The interactivity he's alluding to has already happened organically for some television shows. Zuiker points to Lost; a series that encouraged its fan base to interact with the mysteries presented on-screen. "[Fans] would take scenes from eight seasons of the show and stream them together in one video to show what was happening second-by-second in the initial plane crash that occurs in the pilot episode, often with split screens to watch things that happened simultaneously. It shows the depths of people's fascinations and the ability of people to indulge those fascinations," he says.
But Zuiker is also quick to confirm that interactivity does not mean the death of traditional storytelling: "I think there will always be original, linear content but what it's going to turn into is the integration of more user-generated content like multiple endings, or plot suggestions that are contributed interactively and create a daily experience that offers the option to consume linearly but also to 'gamify' content in a way that is perfectly apropos with the device you are consuming it on. I want to tell stories that are '5D' in terms of interactivity."
Online series are only the tip of the iceberg. At the Dance@Live final on a blistering Saturday in September, hundreds of hip-hop dancers from Asia, Europe, and North America crammed into a club on Tokyo's waterfront to compete against each other. What was striking was the similarities in their styles and repertoires. In a 2010 TED Talk, the filmmaker Jonathan Chu said: "Dancers have created a whole global laboratory online. Kids in Japan are taking moves from a YouTube video created in Detroit, building on it within days and releasing a new video, while teenagers in California are taking the Japanese video and remixing it to create a whole new dance style."
In a subsequent speech, TED curator Chris Anderson called this an example of 'crowd-accelerated innovation.' Many niche subcultures have benefited from the phenomenon, but the YouTube team in San Bruno are more interested in how the same principles can be applied to much larger audiences. "There is this incredible opportunity for YouTube not just to be an archive of the human experience, but also to be this really wonderful knowledge center," says Angela Lin, head of YouTube Education, which started as a volunteer project and has since grown into over 700 channels of educational content. "Not only has it become a teaching aid," says Lin, "but we have seen a large growth in peer-to-peer learning. Seeing someone do something, even if it's in another country, compels you to do better or build off that, whether it's dancing or medicine."
Borges' Library of Babel drove many of its inhabitants to depression or hysteria because it was too large and all encompassing to understand. But however daunting YouTube appears today, it will only come more clearly into focus as we begin to realize its creative potential. It may be an archive of human experiences, but it is also shaping the experiences we'll have in the future.

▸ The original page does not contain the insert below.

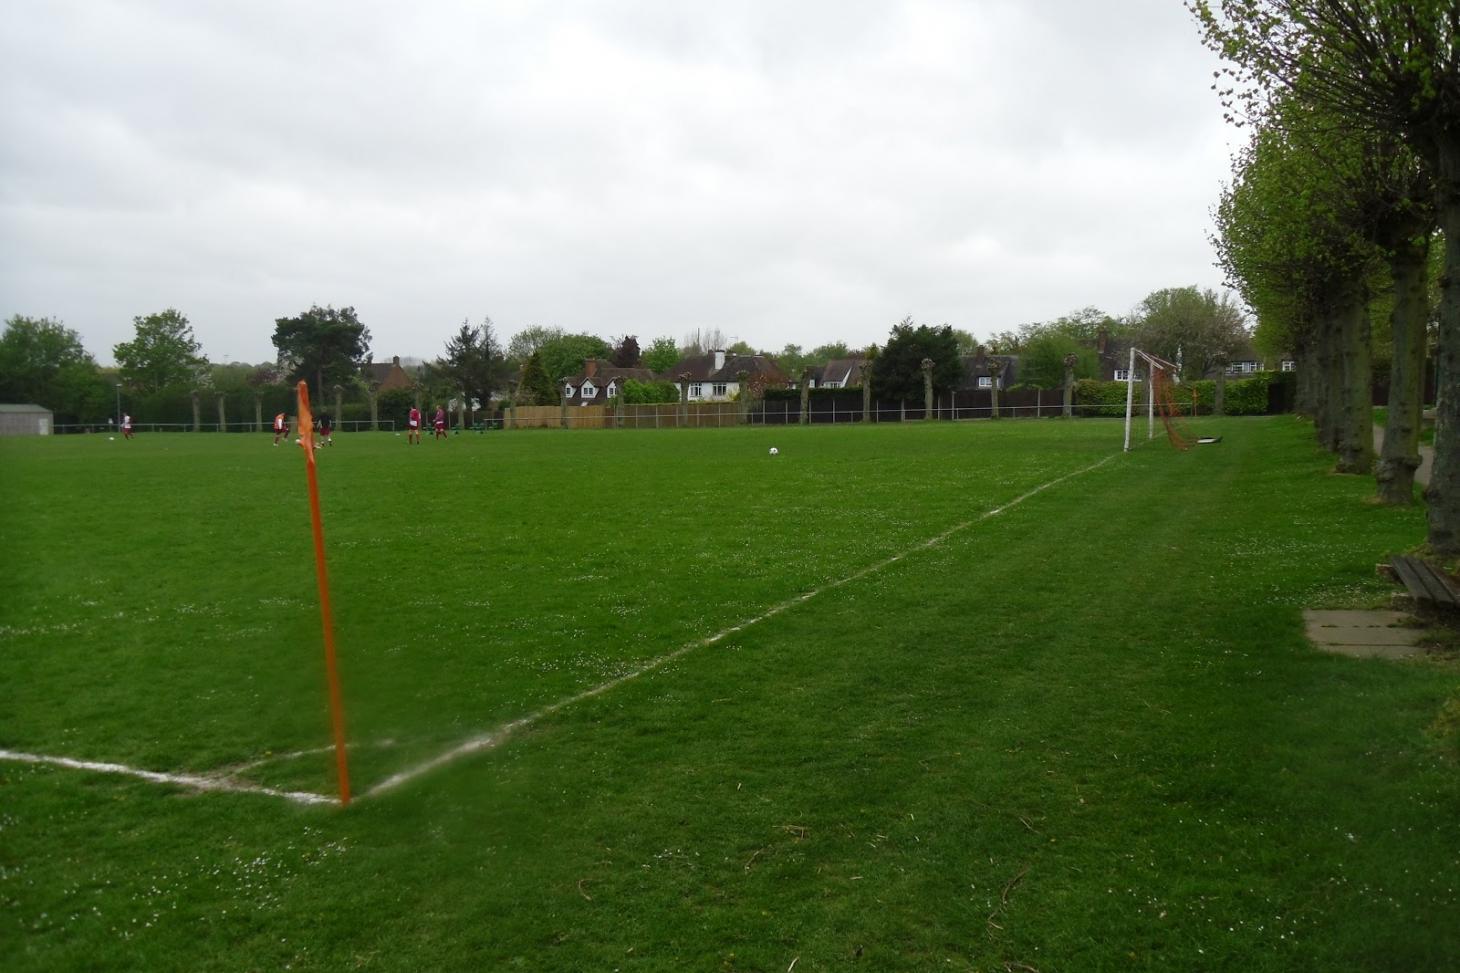 North Enfield Recreation Ground Outdoor | Hard (macadam) tennis court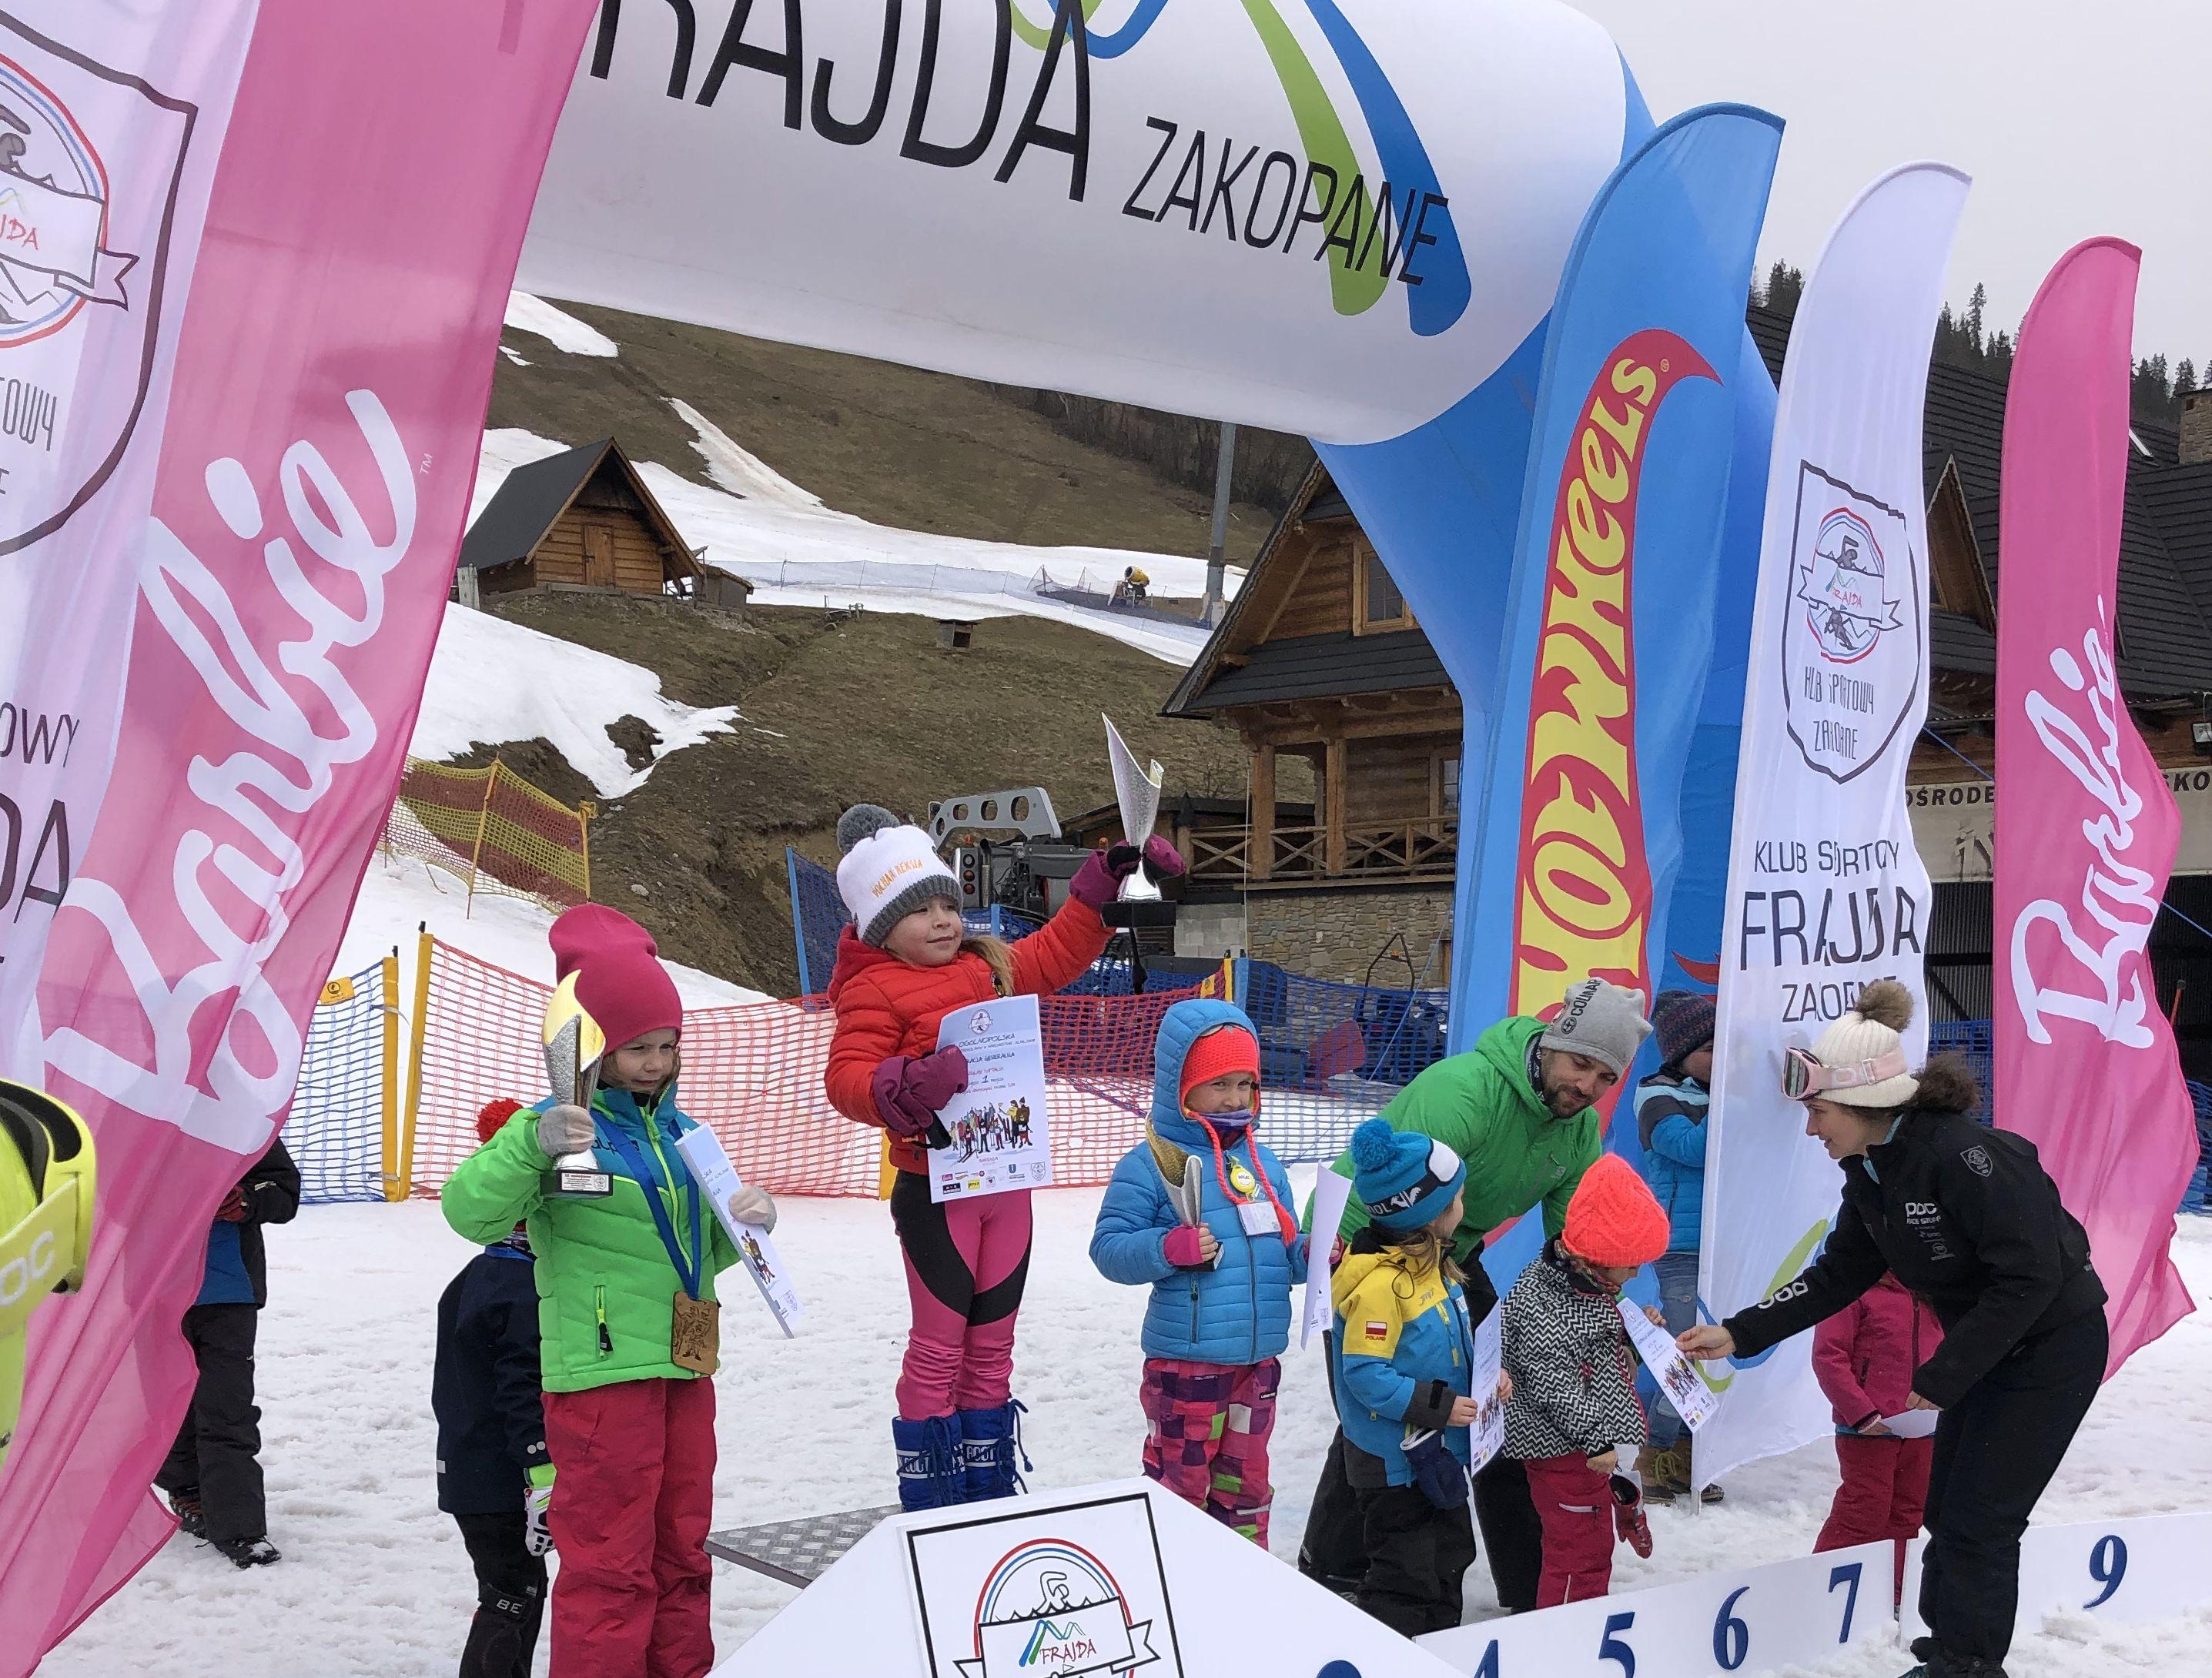 Natalia z Roczyn po raz kolejny wygrywa pod Tatrami [FOTO]

Adrienne Russell, an Assistant Professor of Digital Media Studies at the University of Denver, believes that we will inevitably come to understand the medium better as our media consumption habits change. "People are creating new genres of broadcast media: Responding, mixing, creating memes, etc.," she says. "All of these examples point to engagement really shifting the way people see themselves and the way they engage in public life. It's not like voting or going door-to-door and having someone sign a petition. It makes a much richer environment for all of us on a societal level."